After trimming this year's spending plan as much as US$800 million and selling US$290 million of mines, the company may announce additional measures to shore up its balance sheet alongside earnings on Aug 19, according to Citigroup and Barclays. The company needs to cut net debt by almost half to US$16 billion by the end of next year to retain its credit rating, which may lead to the sacrifice of 2016 dividends, said JPMorgan Chase analysts. Commodity companies' earnings worldwide are under pressure because of 13-year-low prices, while industrywide dollar-bond borrowing costs have jumped to the highest in five years.
Glencore, in which GIC has a stake is rated BBB at Standard & Poor's, the second-lowest investment grade.

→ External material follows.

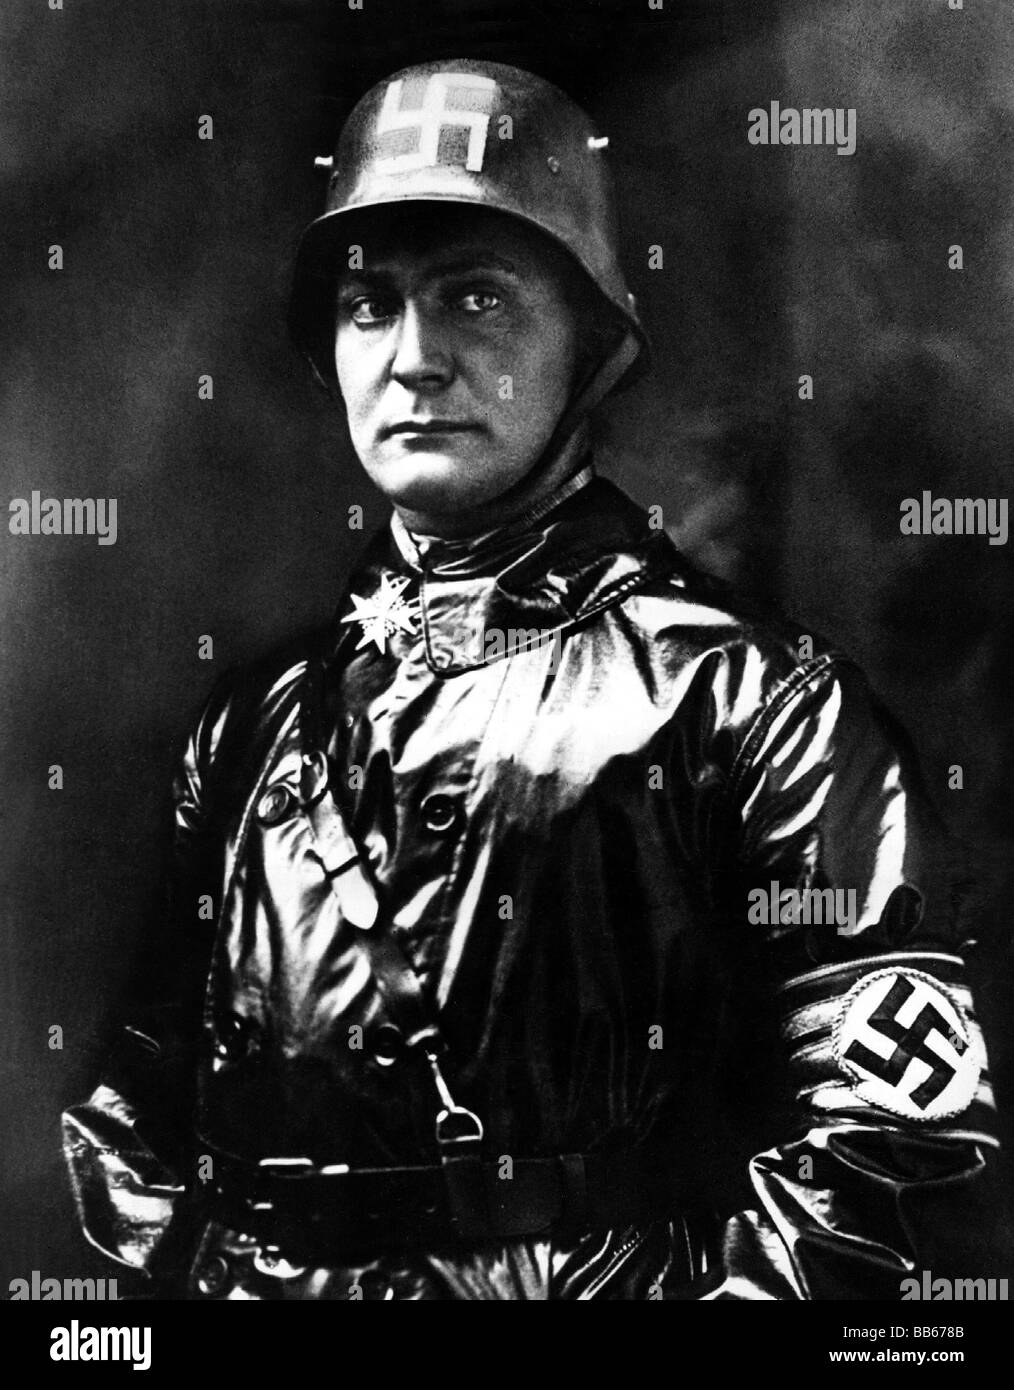 Goering, Hermann, 12.1.1893 - 15.10.1946, German politician (NSDAP), as Commander of SA, 1923, half length, , Additional - Stock Image

It had already said on Friday it had sold stakes in three mines it inherited through its Xstrata takeover for about US$290 million. On Thursday, Glencore said it would reduce its capex plans as copper and nickel trade near six-year lows, hit by a supply glut and slowing Chinese demand. The company said it had sold its interests in the Tampakan copper mine in the Philippines, the Falcondo nickel mine in the Dominican Republic and the Sipilou nickel mine in Ivory Coast.

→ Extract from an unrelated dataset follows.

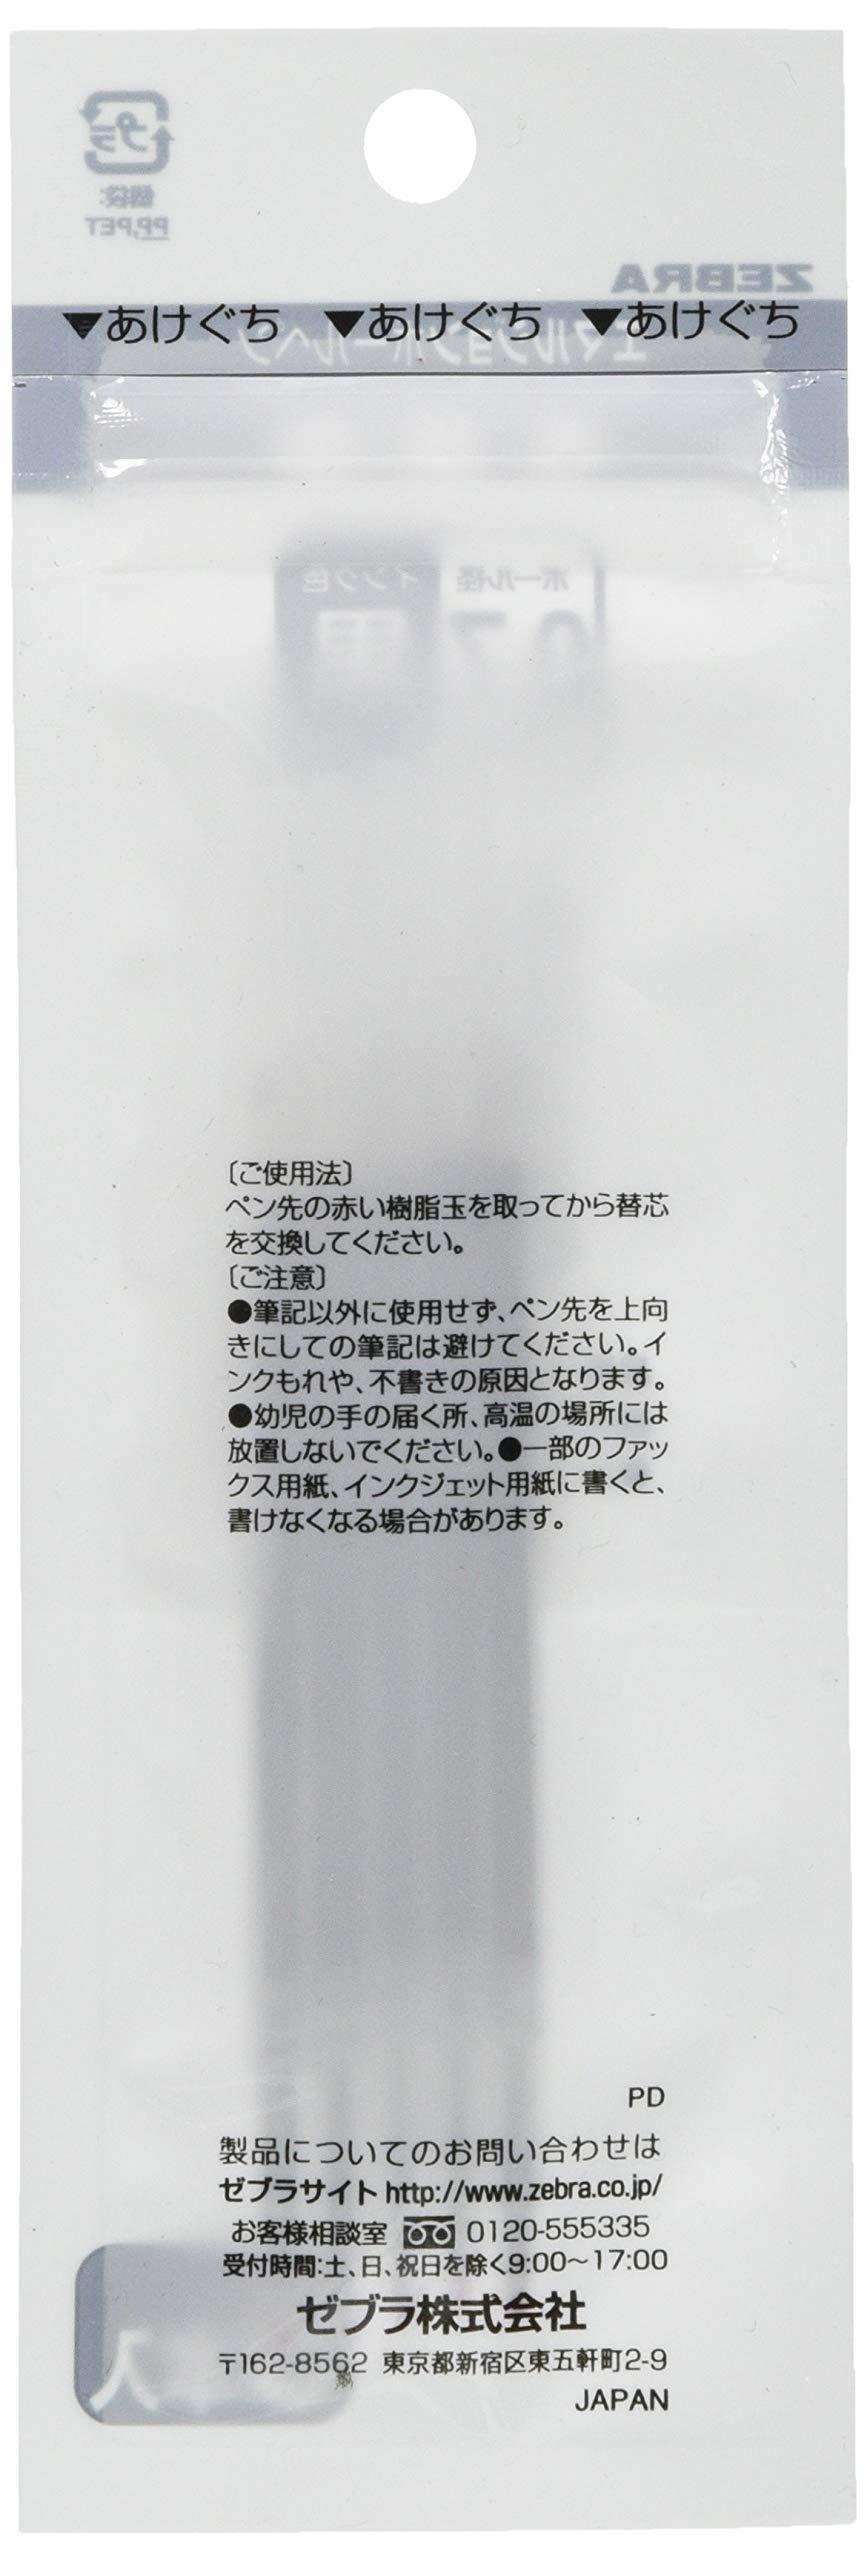 Kyocera water ball-point pen refill core ceramic roller auto C-300 black 5

"If Glencore doesn't do anything to reduce leverage, the ratings will be at risk," said Max Mihm, a portfolio manager at Union Investment, which holds Glencore bonds among its about 250 billion euros of assets. "They are dependent on bank financing, so they have to do something."
A spokesman for Baar, Switzerland-based Glencore declined to comment on potential measures. About 54 percent of Glencore's outstanding bonds are denominated in dollars, according to data compiled by Bloomberg.
Glencore is the worst performer on the FTSE 100 Index this year, plunging 42 percent amid the commodities rout. It is 67 percent below the price in its US$10 billion initial public offering four years ago. The company had US$31 billion of net borrowings and US$53 billion of gross debt at the end of last year, according to its annual report.
The trader raised a one-year US$8.5 billion revolving credit facility from a group of banks in May that it can extend for another 12 months through a so-called term-out option, according to data compiled by Bloomberg. It has US$6.3 billion of bonds maturing by the end of 2016, the data show.
If commodity prices deteriorate further the company "could be looking at ratings downgrades, cutting dividends or, further down the line, even potential rights issues."